The Junglinster Longwave Transmitter is a longwave broadcasting facility used by RTL near Junglinster, Luxembourg, which went into service in 1932. Its aerial consists of three free-standing steel-framework towers, which are ground fed radiators. These towers formed a directional aerial for the frequency 234 kHz and until 1980 were 250 metres high. Since 1980 their height has been 215 metres.

Junglinster longwave transmitter was at time of inauguration one of the most powerful transmitters in the world. It was discovered that its signal can under some conditions show cross modulation with other radio stations by ionospheric reflection. This phenomenon was named "Luxembourg effect" after the circumstance that it was first detected at the signal of this transmitter in Luxembourg.

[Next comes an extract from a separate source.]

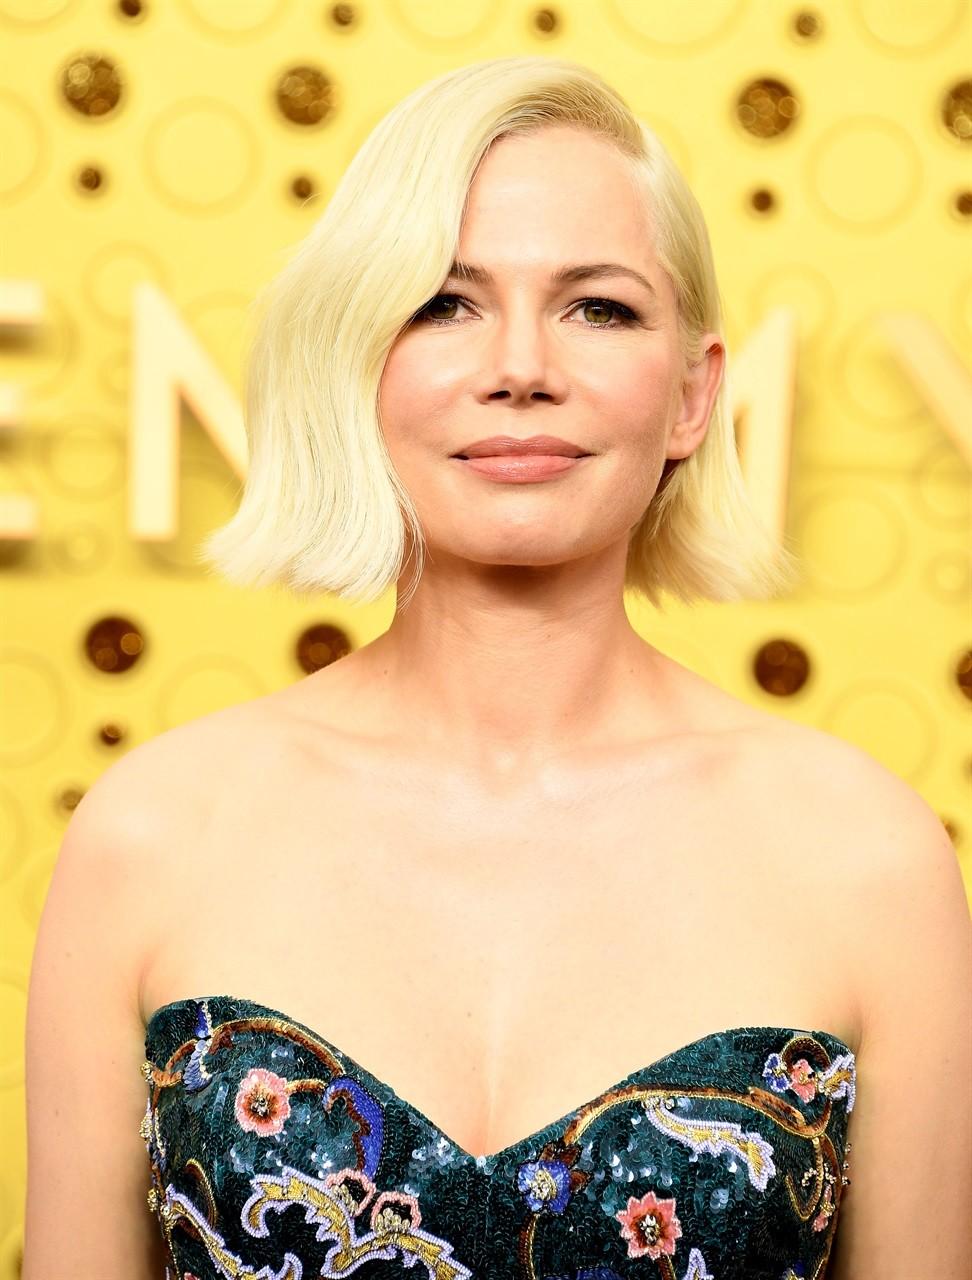 awards, fashion, and celebrities image

Since the inauguration of the Beidweiler longwave transmitter the Junglinster longwave transmitter has been only a spare.

Also at the site of Junglinster Longwave Transmitter are the shortwave transmitters of RTL, at the frequencies 6090 kHz and 15350 kHz were used. Transmitting on 6090 kHz, it is of special interest as it was (until the 80s) one of the best known radio stations in Germany and several radio sets had a special switch for its reception, the so-called "Luxembourg"-switch.
Today this transmitter works in DRM mode.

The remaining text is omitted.